Methylmerc­ury, a neurotoxin created as mercury blends with bacteria, is linked to heart issues and intellectu­al problems in children. High levels of the substance in Arctic marine life have been traced to global warming as sea ice melts.

But the researcher­s say government­s turning to hydroelect­ric dams as a cleaner way to curb climate change must consider potential effects of flooding vast swaths of land.

The peer-reviewed study, published in the latest issue of the U.S.-based Proceeding­s of the National Academy of Sciences, echoes concerns raised by Inuit leaders who fear methylmerc­ury levels from the new Muskrat Falls dam in Labrador will soar.
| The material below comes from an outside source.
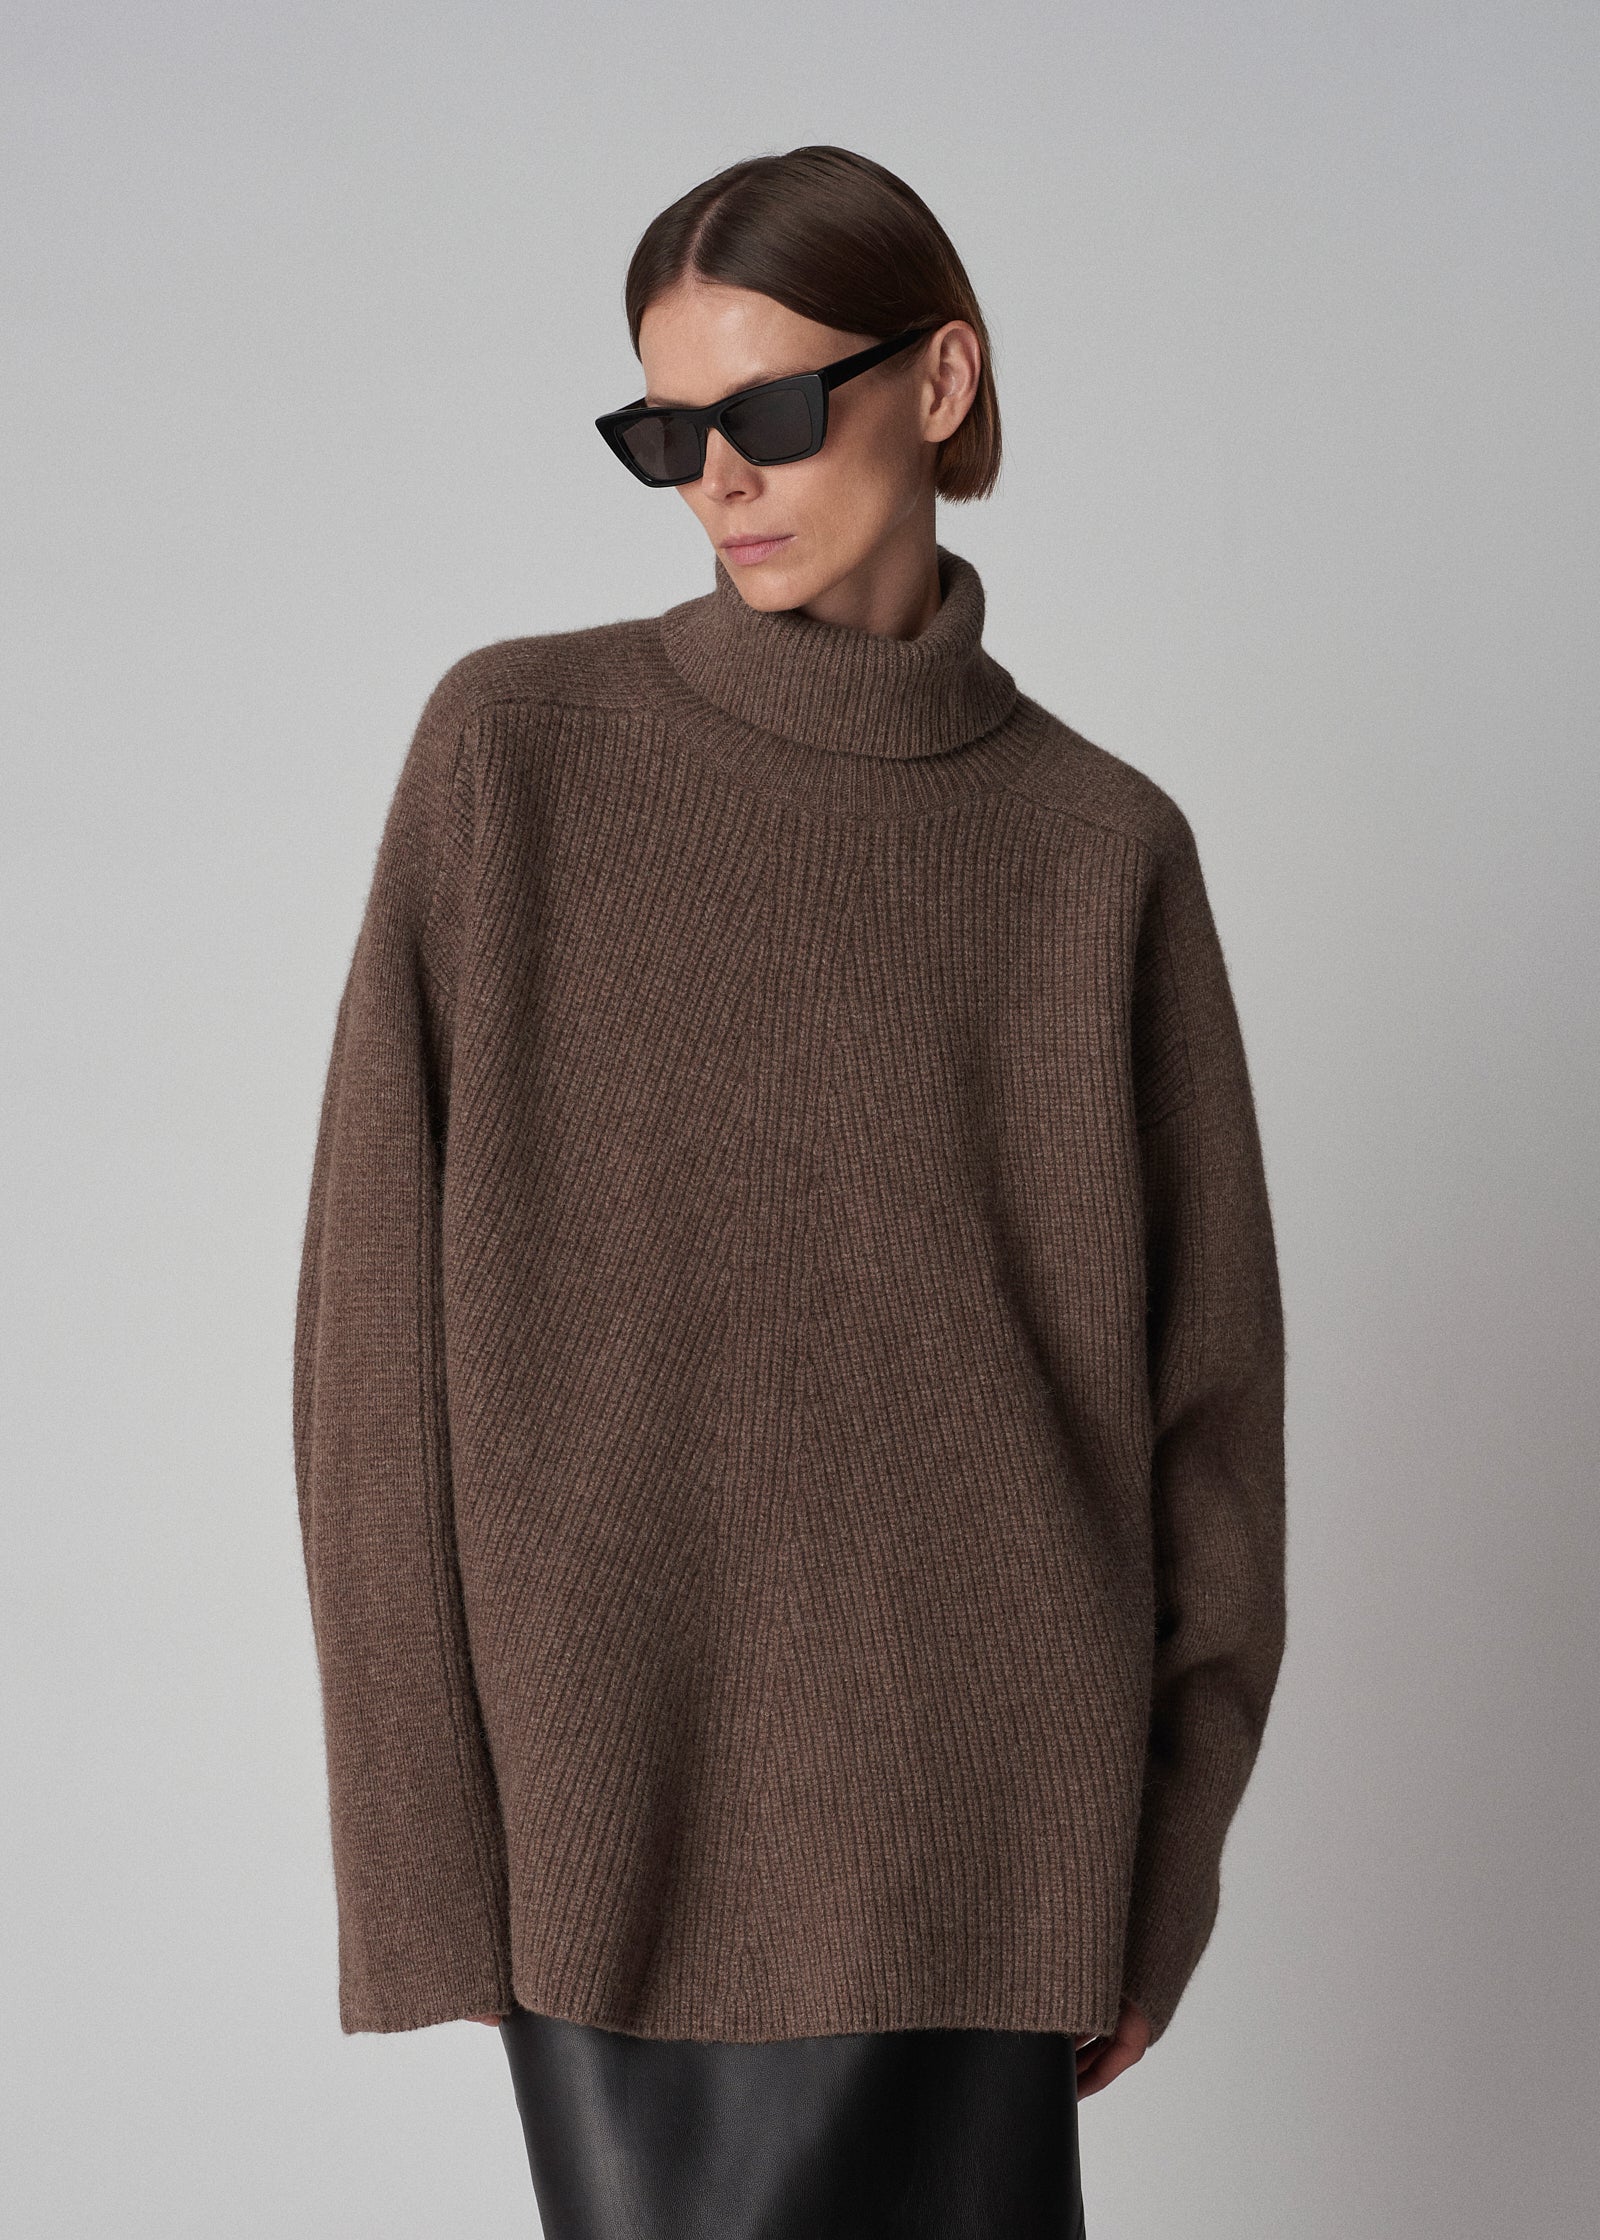 Turtleneck Sweater in Yak Wool - Brown Melange - CO Collections
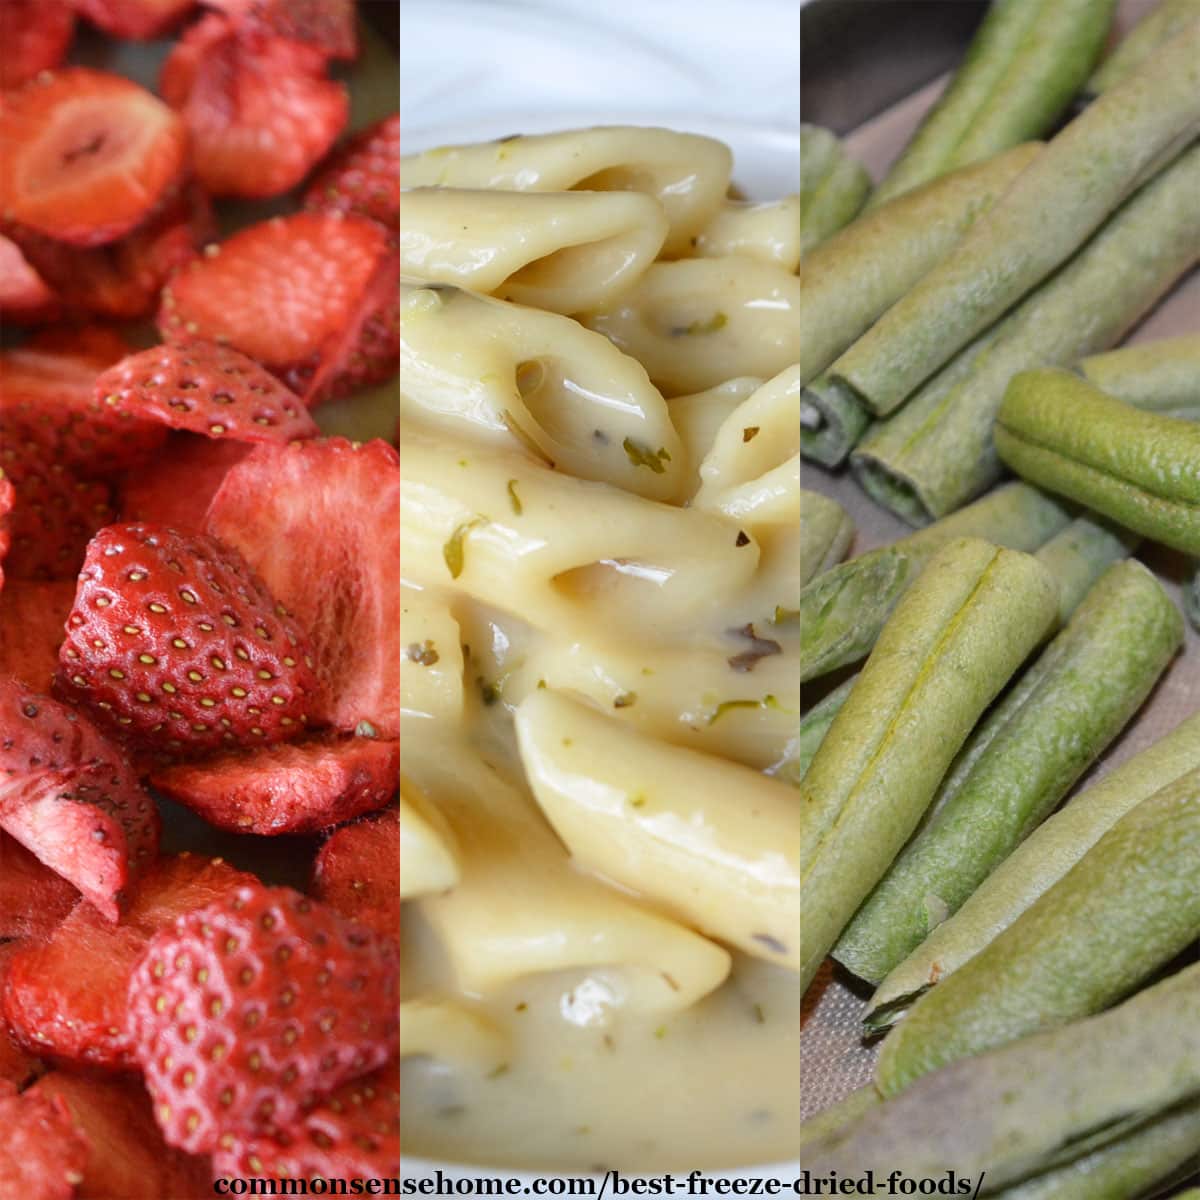 freeze dried foods - strawberries, pasta, green beans

The project will create a reservoir near Happy Valley-Goose Bay, upstream from Lake Melville and more than 2,000 Inuit who rely on fish and seal meat as prime food sources. First power is expected to flow in 2017.

Harvard researcher­s led by Elsie Sunderland, associate professor of environmen­tal engineerin­g and environmen­tal health, measured baseline methylmerc­ury levels in Lake Melville. They noted that concentrat­ions in plankton peaked between one and 10 metres under the water, just as they do in the central Arctic Ocean.

The study concludes that when fresh and salt water meet — in estuaries such as Lake Melville or as oceans absorb melting sea ice — the salinity means organic matter that would usually sink begins to float. It forms a bacterial layer that marine plankton then feast on.

Amina Schartup, the study’s lead author, said the result is a very effective process for boosting toxic methylmerc­ury.

“This system is very good at taking very low concentrat­ions of methylmerc­ury and making it relatively high in the plankton,” she said. Fish then eat the plankton.

Schartup wonders to what extent toxin levels then accelerate higher up the food chain. “This is a whole other study that needs to happen,” she said. “I think we need to continue this work so if we do see spikes in the fish or in the water that could be potentiall­y a problem, that we respond immediatel­y before there is an impact on people’s health.”